Ross Allen

Personal information
- Born: 21 June 1996 (age 30)
- Batting: Left-handed
- Bowling: Slow left-arm orthodox

Domestic team information
- 2014–present: North West Warriors
- FC debut: 30 May 2017 North West v Northern
- LA debut: 29 May 2017 North West v Northern

Career statistics
| Competition | FC | LA | T20 |
| Matches | 10 | 13 | 11 |
| Runs scored | 289 | 37 | 25 |
| Batting average | 22.23 | 6.16 | 8.33 |
| 100s/50s | 0/1 | 0/0 | 0/0 |
| Top score | 81 | 9 | 12* |
| Balls bowled | 294 | 247 | 66 |
| Wickets | 3 | 12 | 1 |
| Bowling average | 49.33 | 17.58 | 71.00 |
| 5 wickets in innings | 0 | 0 | 0 |
| 10 wickets in match | 0 | 0 | 0 |
| Best bowling | 1/9 | 3/9 | 1/14 |
| Catches/stumpings | 3/– | 4/– | 4/– |
- Source: Cricinfo, 6 May 2021

= Ross Allen (Irish cricketer) =

Irish cricketer (born 1996)

Ross Allen (born 21 June 1996) is an Irish cricketer.

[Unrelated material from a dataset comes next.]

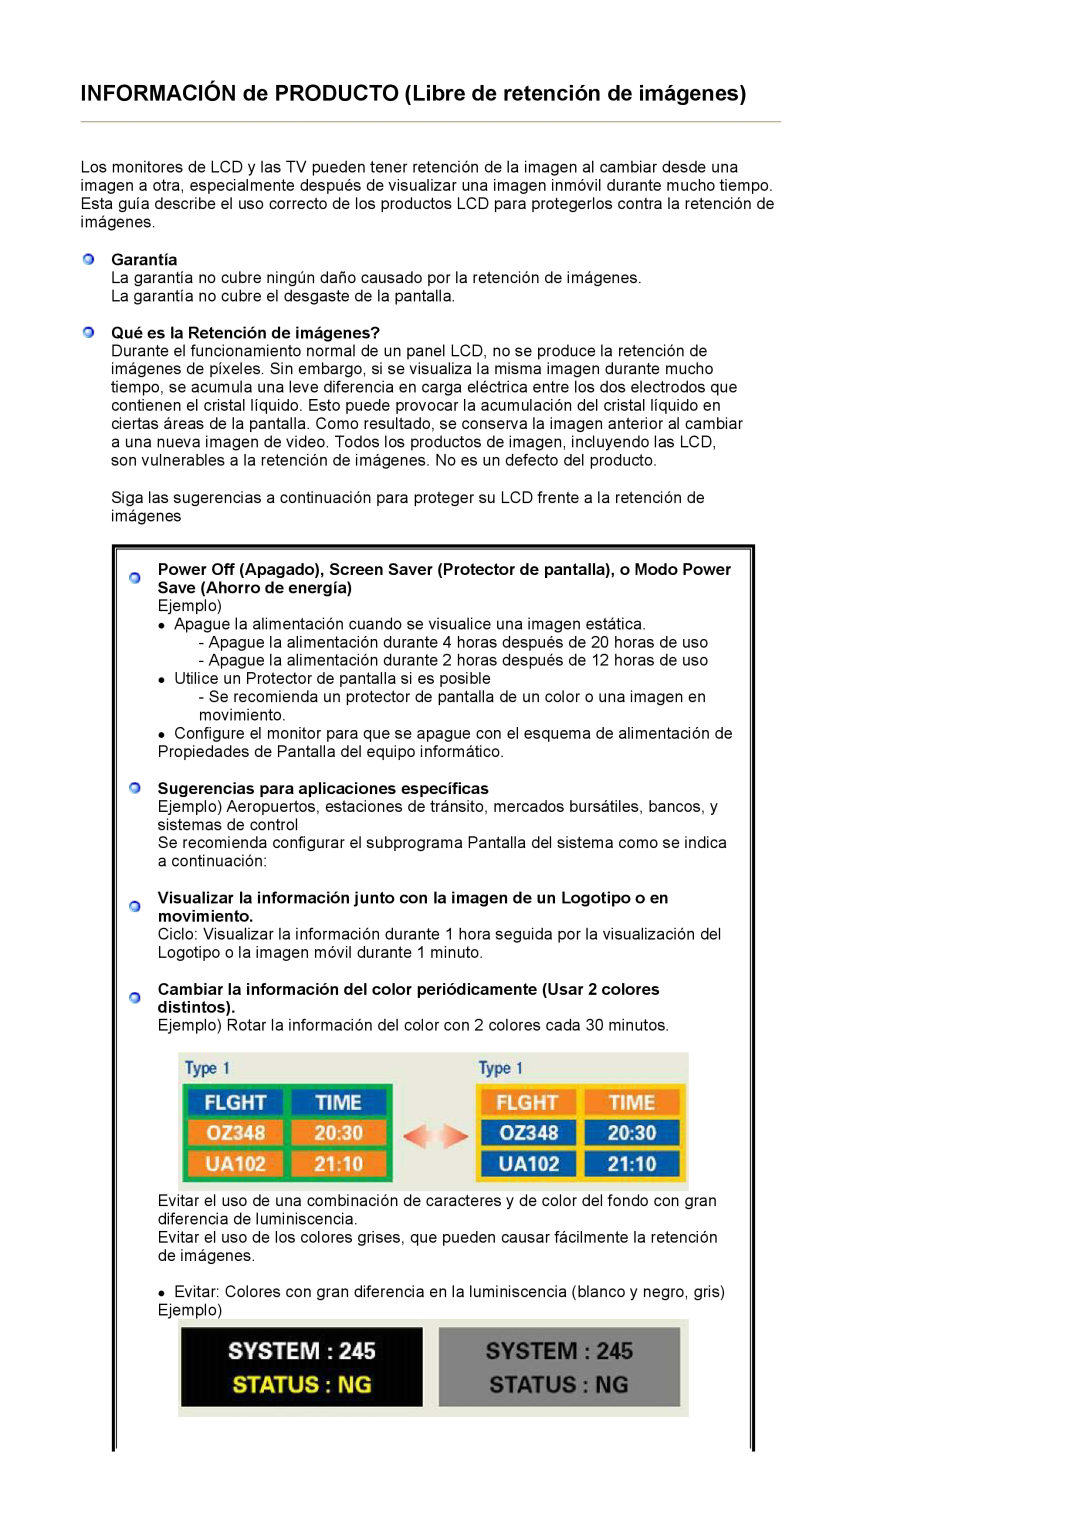 Samsung LS27HUBCBS/EDC manual Garantía, Qué es la Retención de imágenes?, Sugerencias para aplicaciones específicas

He made his List A debut for North West Warriors in the 2017 Inter-Provincial Cup on 29 May 2017. He made his first-class debut for North West Warriors in the 2017 Inter-Provincial Championship on 30 May 2017. He made his Twenty20 debut for North West Warriors in the 2017 Inter-Provincial Trophy on 23 June 2017.

In June 2019, he was named in the Ireland Wolves squad for their home series against the Scotland A cricket team.